President George W. Bush, fabulist-in-chief, articulated the rationale for the program in that trademark way of his -- as if addressing a nation of slow-witted 12-year-olds -- on Sept. 24: "Major financial institutions have teetered on the edge of collapse ... [and] began holding onto their money, and lending dried up, and the gears of the American financial system began grinding to a halt." Bush said that if Congress didn't give Treasury Secretary Hank Paulson the trillion dollars (give or take) for which he was asking, the results would be disastrous: "Even if you have good credit history, it would be more difficult for you to get the loans you need to buy a car or send your children to college. And ultimately, our country could experience a long and painful recession."

For the most part, the press has continued to echo Bush's central assertion that there's a "credit crunch" preventing even qualified borrowers -- that's the key point -- from getting loans, and it's now part of the conventional wisdom.

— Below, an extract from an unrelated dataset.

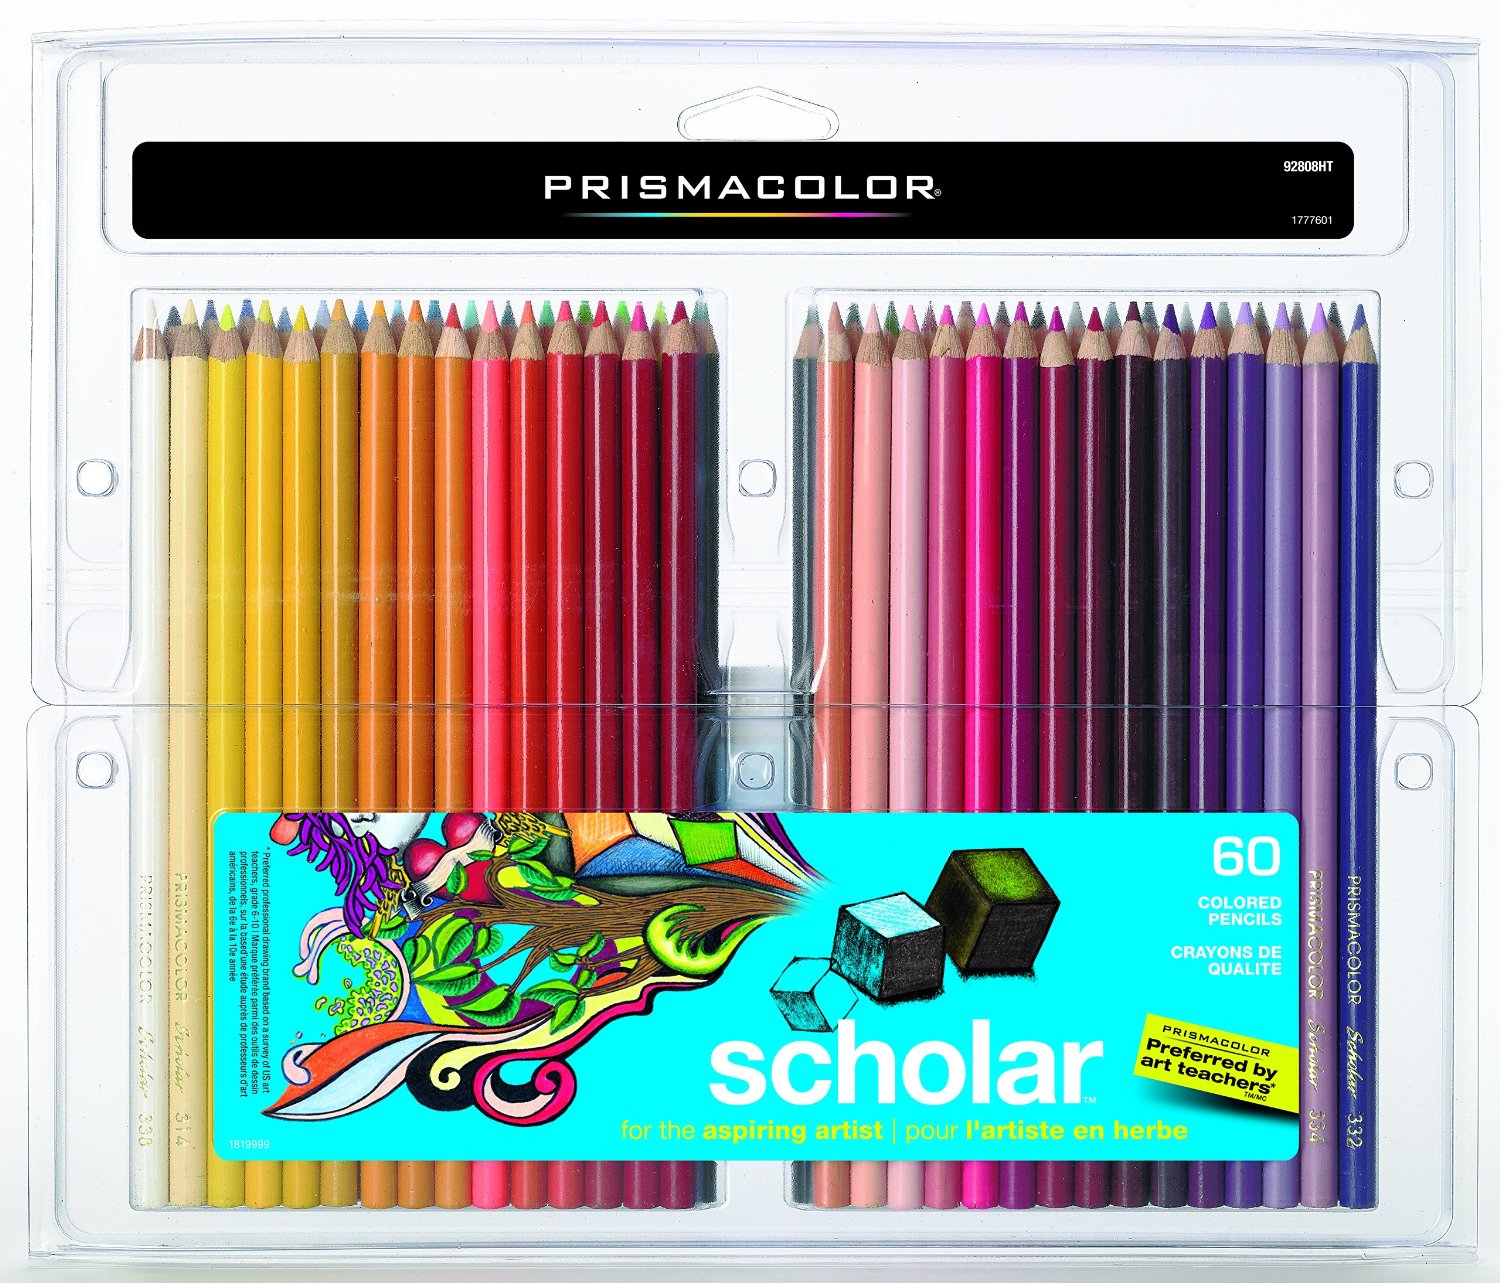 Prismacolor Scholar Colored Pencils, 60-Count – Just $17.99!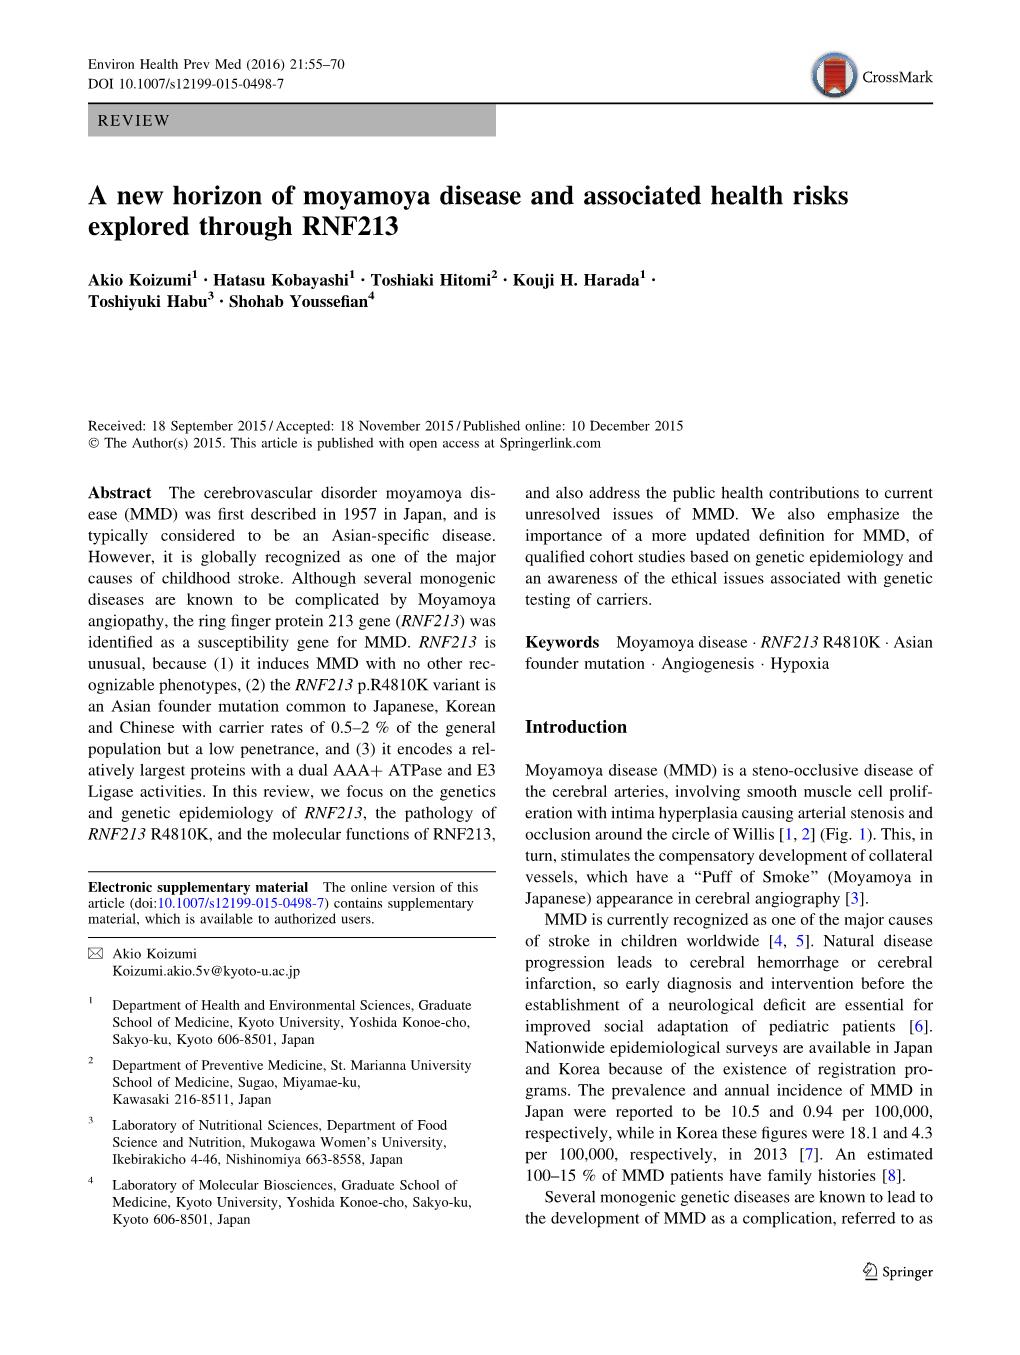 A New Horizon of Moyamoya Disease and Associated Health Risks Explored Through RNF213

But a number of economists are questionioning the factual basis of the credit crunch narrative. Columnist David Sirota recently looked at those claims and concluded that Americans "had been punk'd" -- that "the major claims about a credit crisis that justified Congress cutting a trillion-dollar blank check to Wall Street were demonstrably false," and the threat of a systemic banking crash was used by the Bush administration to overcome popular resistance to the "bailout..."
First, if this turns out to be true, it doesn't surprise me at all. I've gotten to the point in which I rarely believe ANYTHING that comes out of the DC beltway. Almost everything they tell us is baked in half-truths anyway and there almost always seems to be some sort of angle involved.

But the thing that really gets me -- and this will make me almost sound like a Bush supporter -- is that I'm getting really tired of the blame falling solely on the current administration. While I agree with many that George W. Bush will go down in history as one of the worst presidents this land has ever known, he's had a tremendous amount of help from both sides of the aisle!

The old adage "Fool me once, shame on you; Fool me twice, shame on me" applies in the present situation. Since almost every measure brought before Congress by Team Bush over the past 8 years has not been what it seemed originally, one would think that our elected representatives would cast a more critical eye at what is brought before them. Yet, time and time again, we hear Congress lament, "We didn't know. We didn't know."

This leads me to be believe that a) They DID know and/or b) They're all a big bunch of buffoons! Either way, you and I get to pay for it.